All the cells in a complex organism look different and perform specific functions, yet all of them contain the same complete genome sequence.

Understanding a genome encompasses the identification of the protein coding genes and RNA responsible to produce proteins, the building blocks of cells. Of equal importance is the understanding how the production of proteins is orchestrated in each mature cell type or tissue as well as in its development. Key to this understanding is the identification and description, also called annotation, of the gene regulatory regions in the genome together with genes that are not ultimately producing proteins but regulatory RNA molecules. Variation in disease, morphology and behaviour in dog breeds occurs more often in regulatory regions than in protein coding genes.

Of specific interest are gene enhancers, regulatory regions that have gained much interest in the last year or two, which only with recent technologies can be detected globally and are considered very important in giving cells their specific identity.
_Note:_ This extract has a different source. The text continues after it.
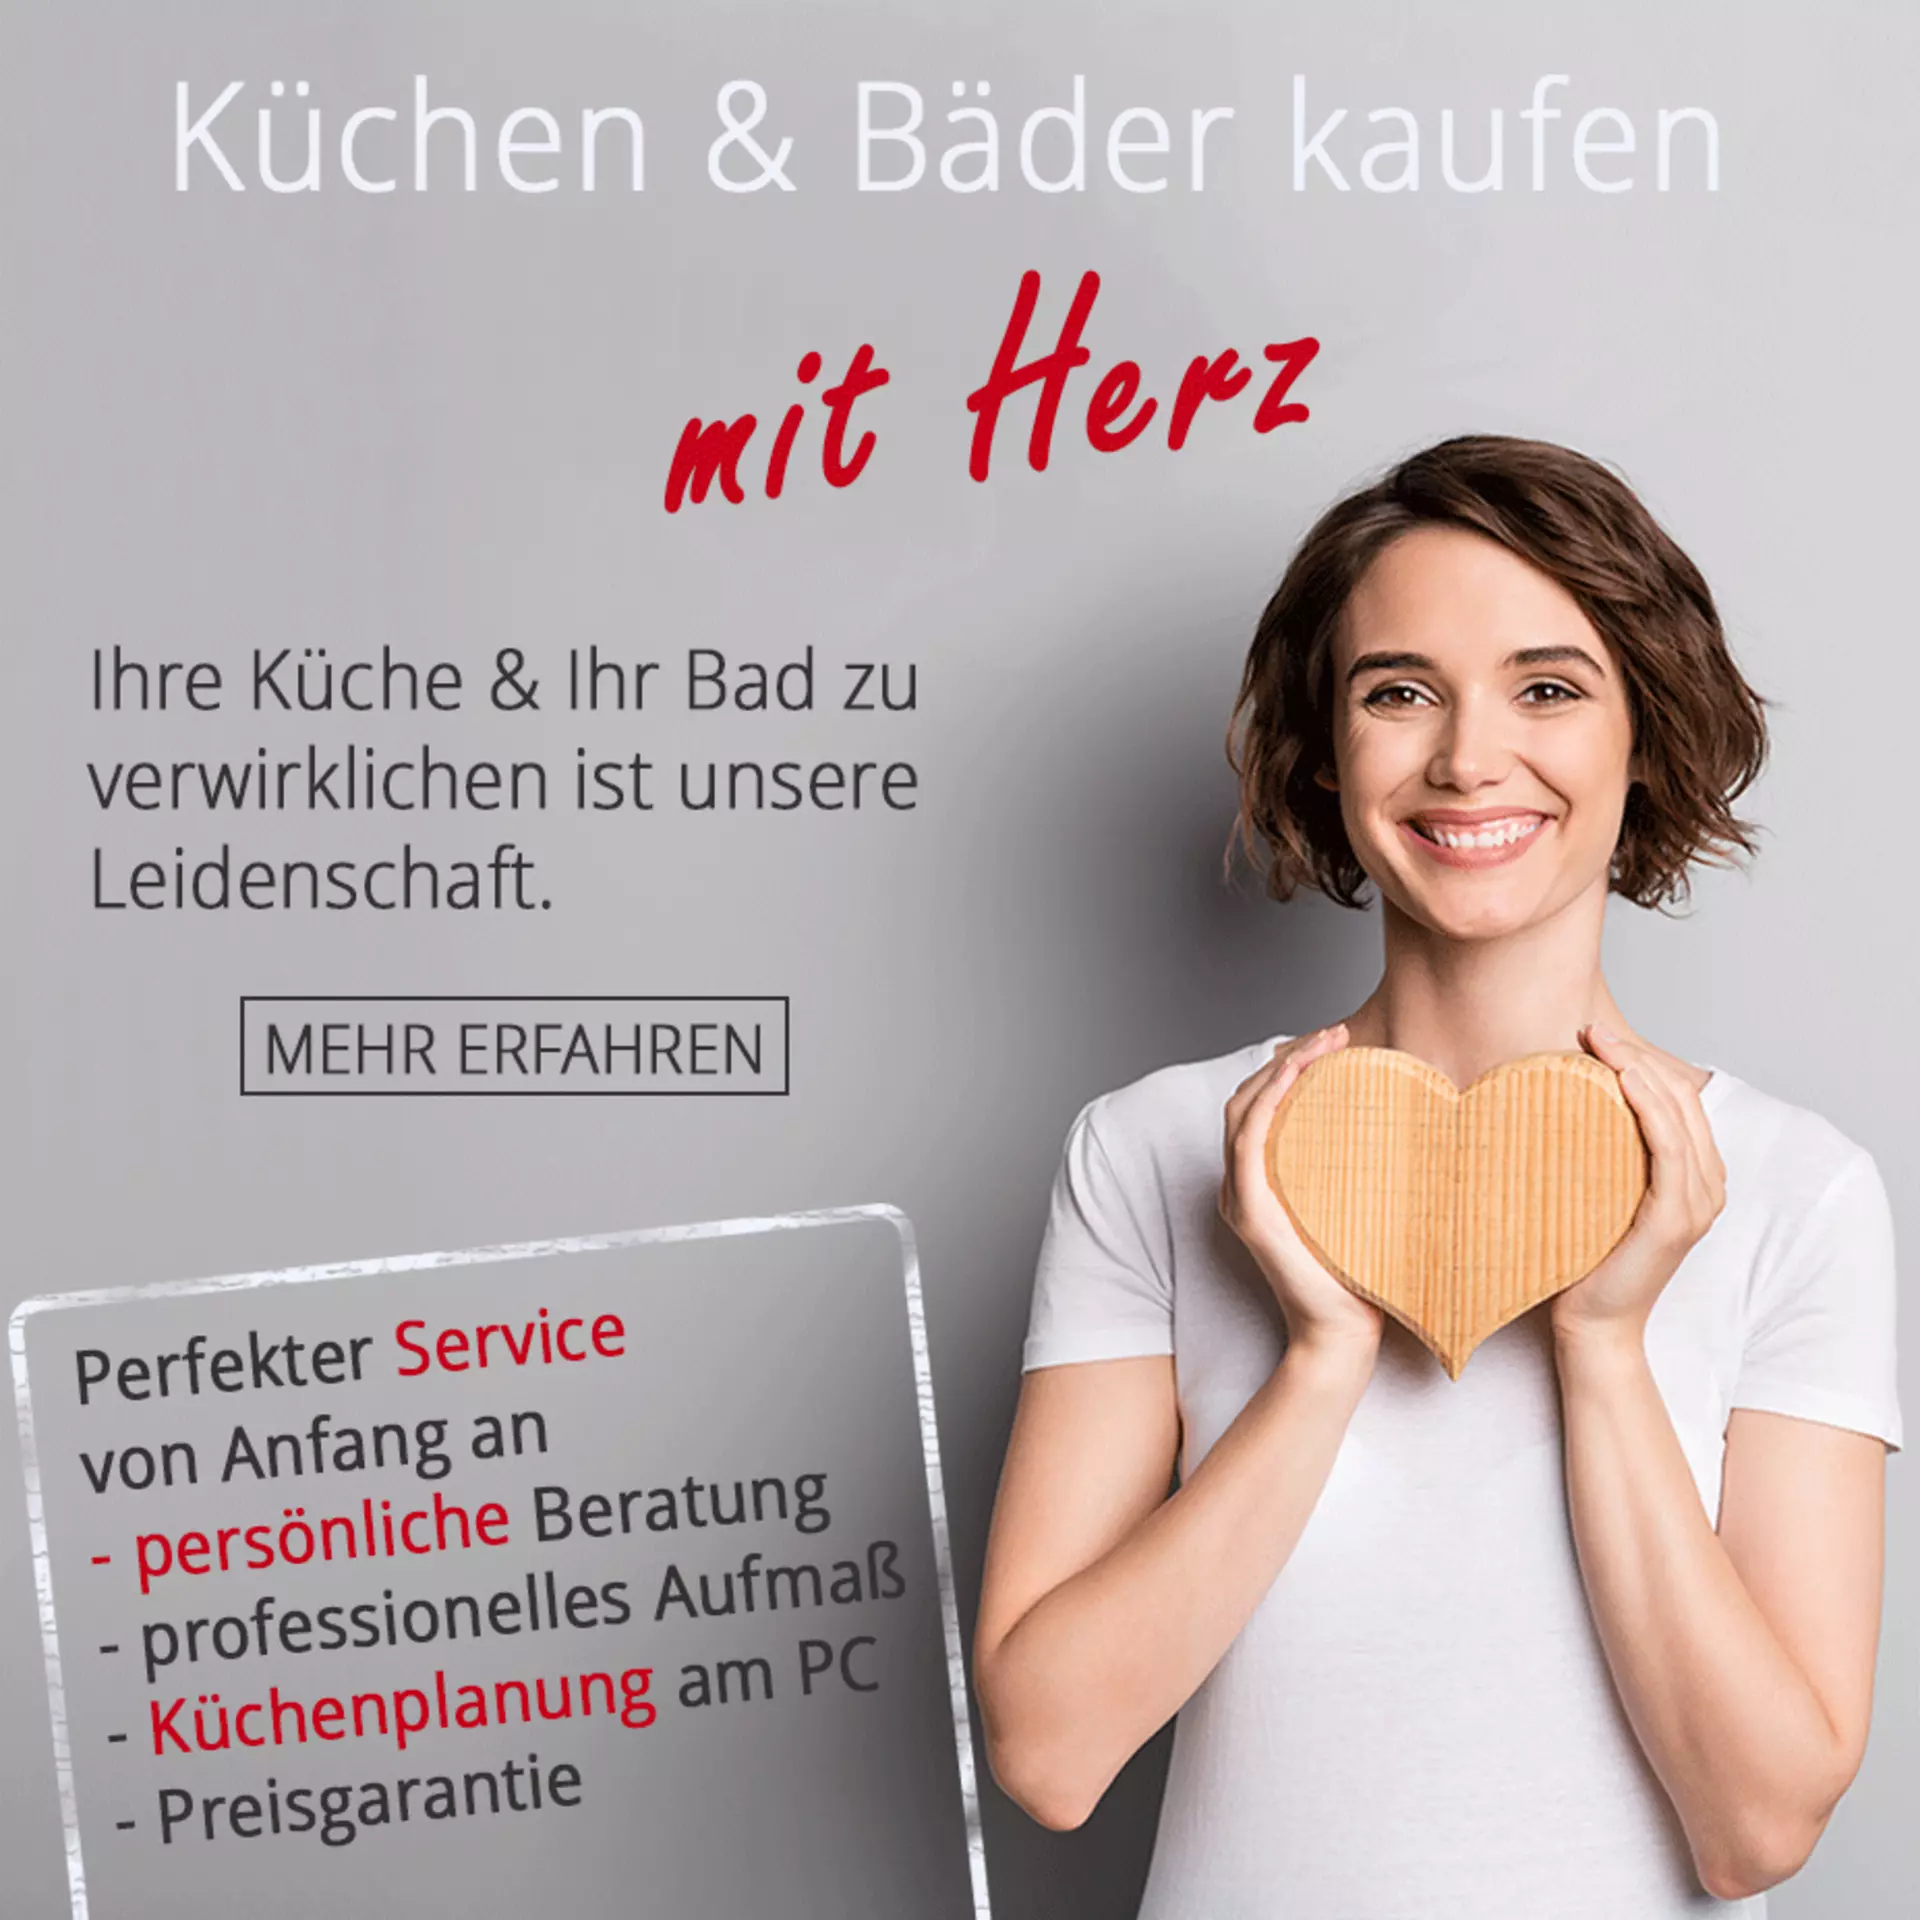 Küchen und Bäder kaufen mit Herz - perfekter Service von Anfang an bei Innovation Küche und Bad in Günzburg

Functional Annotation of the Dog Genome

The genomes of thousands of species are now available and give insight into the fact that a substantial part of the protein coding genes are similar even between simple and complex organisms. Instead, the complexity of higher organisms is encoded in the regulatory regions of genomes and in the complexity of regulatory RNA, which is scaling with organism complexity. The human genome reference sequence, for example, has been available since the year 2001 with only minor changes until today. At the same time, a range of international large-scale projects aiming at identifying in the human genome the gene regulatory regions are still ongoing and demonstrate the strong need to further understand the regulation on the human genome specifically related to the complexity of the human brain. These projects include the ENCODE, FANTOM and Roadmap Epigenomics projects. The genomes of model organisms require an improved annotation for the very same reasons. An example includes the DANIO-CODE project for zebrafish.

The dog reference genome sequence has been available since 2005 and has greatly facilitated gene discovery in hundreds of conditions (OMIA). However, canine genome annotation of many genes and non-protein coding regulatory RNA is lacking or very incomplete, limiting our ability to use the dog as model for many complex traits affected often by regulatory variation in morphology, behavior and disease such common epilepsy psychiatric diseases, which are our research priority (Steenbeek et al. 2016). We cannot compare the dog brain to the human brain if we don’t understand the dog brain complexity and the regulatory elements in the dog genome.

This project will generate the critical resources to better utilize various canine models to advance both dog and human health.

Additionally, the project has access to fresh tissues from various parts of the brains in both dogs and wolves and aims to compare the gene expression profiles for potential differences, which might hint to an outstanding question about the altered neuronal pathways during the domestication.